The problems with the logistics of my offer did not at first hit me, until it dawned upon me that the Czech tourism year ends on 31st October at the latest, and often halfway through September for the smaller sites. I didn't know I was organising the trip until the beginning of October! So as you can imagine the last few weeks have been frantic. However they did afford me the opportunity to visit a load of historic sites, museums etc, some of which were unknown to me before I started the work and some which were known but unvisited. I promise to blog more about these visits in the near future.
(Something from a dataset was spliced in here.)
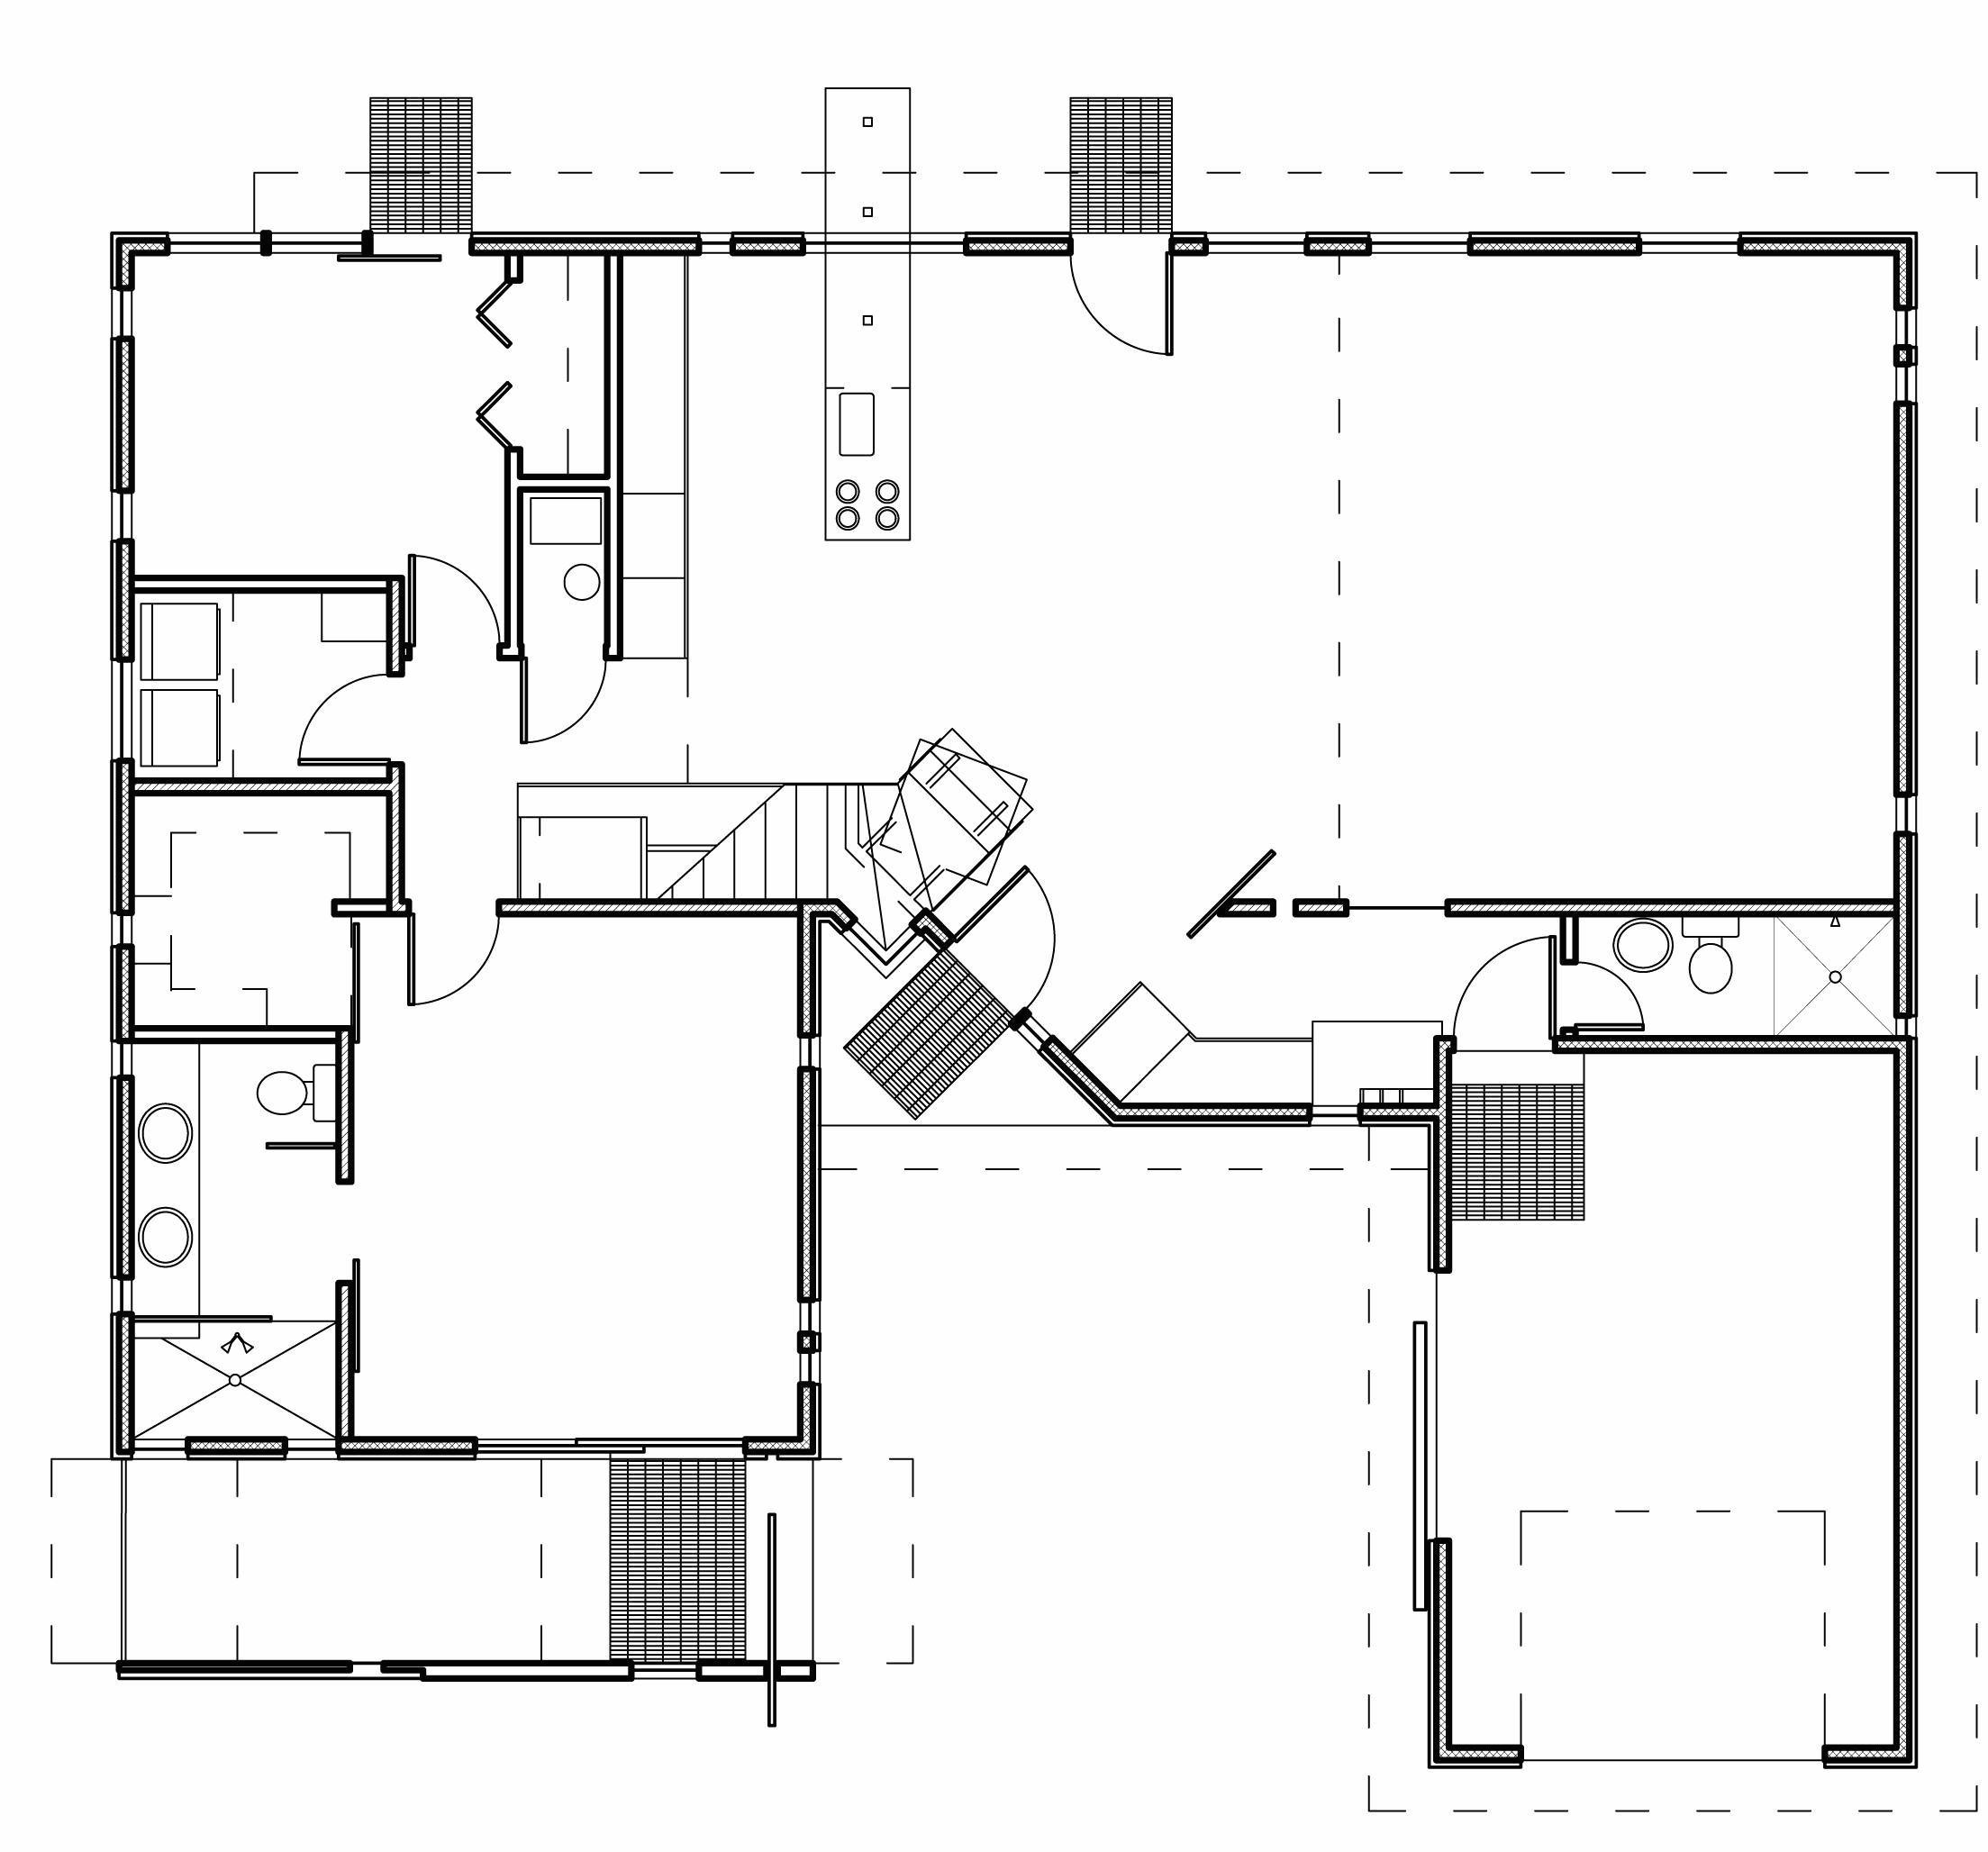 Drawing Ideas Maker 33 Fantastic Basic Floor Plan Maker Ideas Floor Plan Design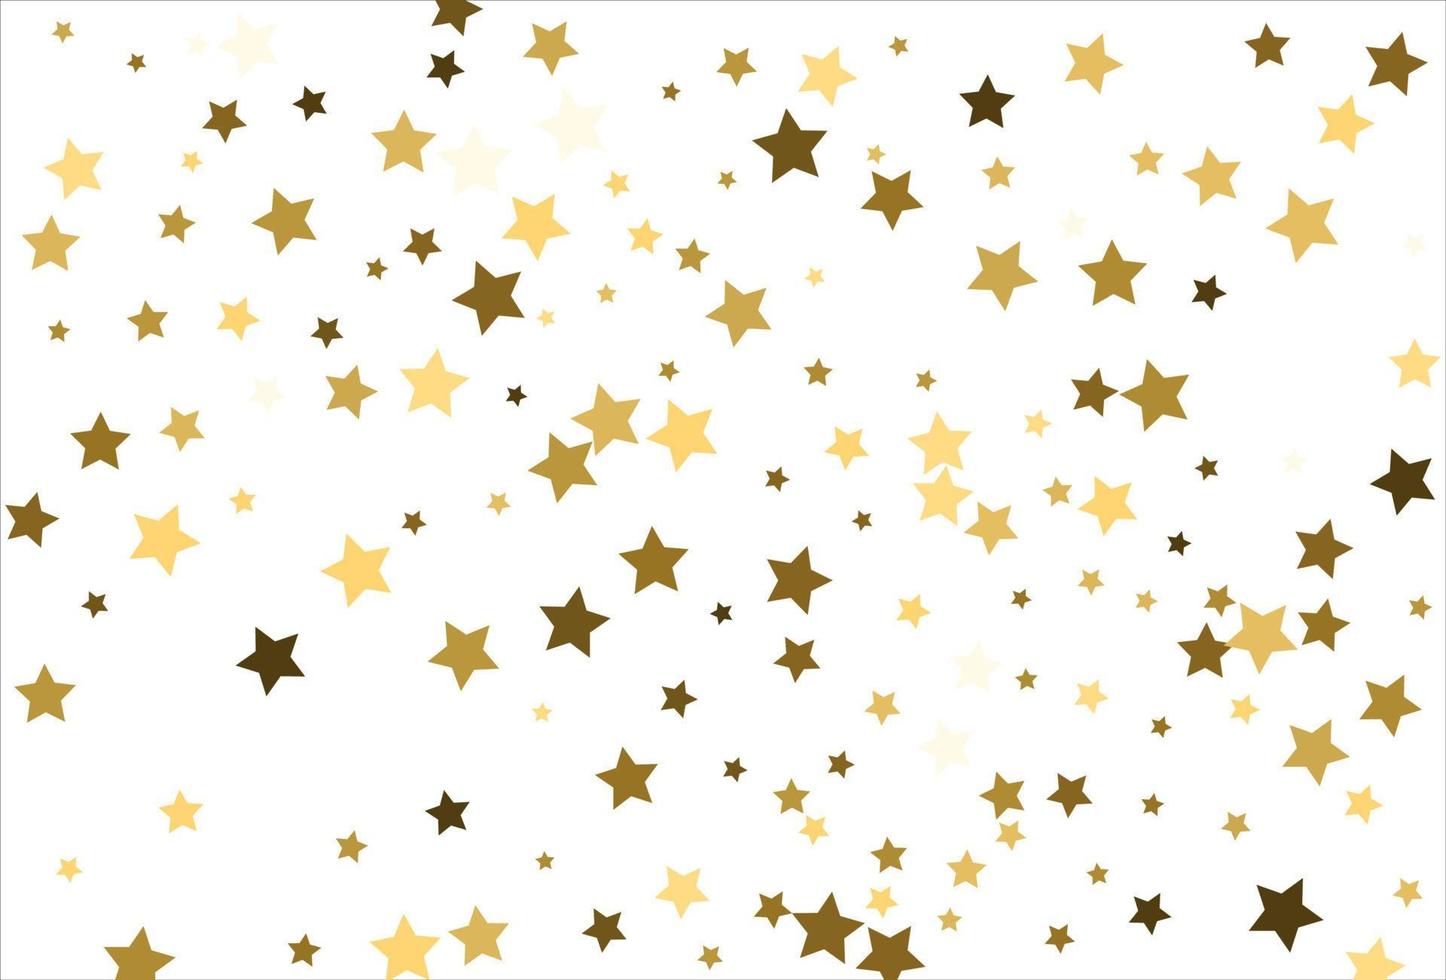 slumpmässig faller guld stjärnor på vit bakgrund. glitter mönster för baner, hälsning kort, jul och ny år kort, inbjudan, vykort, papper förpackning vektor

But the visits to these Czech visitor sites have done nothing for my self image. Why? Because on a number of occasions I was asked if I was a pensioner! I am 51 and was horrified. At first I thought that this might be because in the Czech Republic women are allowed to retire early according to how many children they have had (or so I have been told) - a legacy of the communist era. But my friend suggested another reason - "It's because you don't dye your hair", she said, "All Czech women dye their hair, even when they are 80." And she is right. My husband and I spent an afternoon trying to spot women with white hair, and they were few and far between, I can tell you.

So what am I to do? In England it is somewhat in for a dig, especially among the educated middle classes, to dye your hair. I have been complimented on how well my hair was going grey - "You couldn't pay to get highlights like that," said my hairdresser, who should have had a vested interest in encouraging me to dye my hair. But in the Czech Republic, my second home, my hair makes me an old biddy. Oh, the dilema of having feet in two countries!

Monday 2 November 2009

Czech Wedding



I was in Prachatice last Saturday looking at the wonderful frescos and wall decorations in the town square. Why? You will have to wait for another post about that! Anyway I was in Prachatice Town Square, when suddenly there was a great honking of car horns and a procession of cars swept round the square. The fact that they were all decorated with white ribbons rather gave the game away, if I hadn't already known, that this was to announce the arrival of a wedding party.

A group of musicians gathered by the door of a hotel and started up a traditional Czech song. Onlookers gathered, some of whom knew the party and others, one suspects, were just there for a good gawp - there is a type (usually women) that shamelessly gawps both in England and here. And, I confess, I became one of them as I waited to get a snap for this post. The bridal car swept round the square twice and then pulled up. Out she stepped in white and on the arm of her father walked in to a restaurant.

The first time I witnessed such an event, the noise of the honking (the drivers must have their hands permanently pressed on the horn) made me jump. Now I just go "Oh a wedding" and carry on with whatever I'm doing.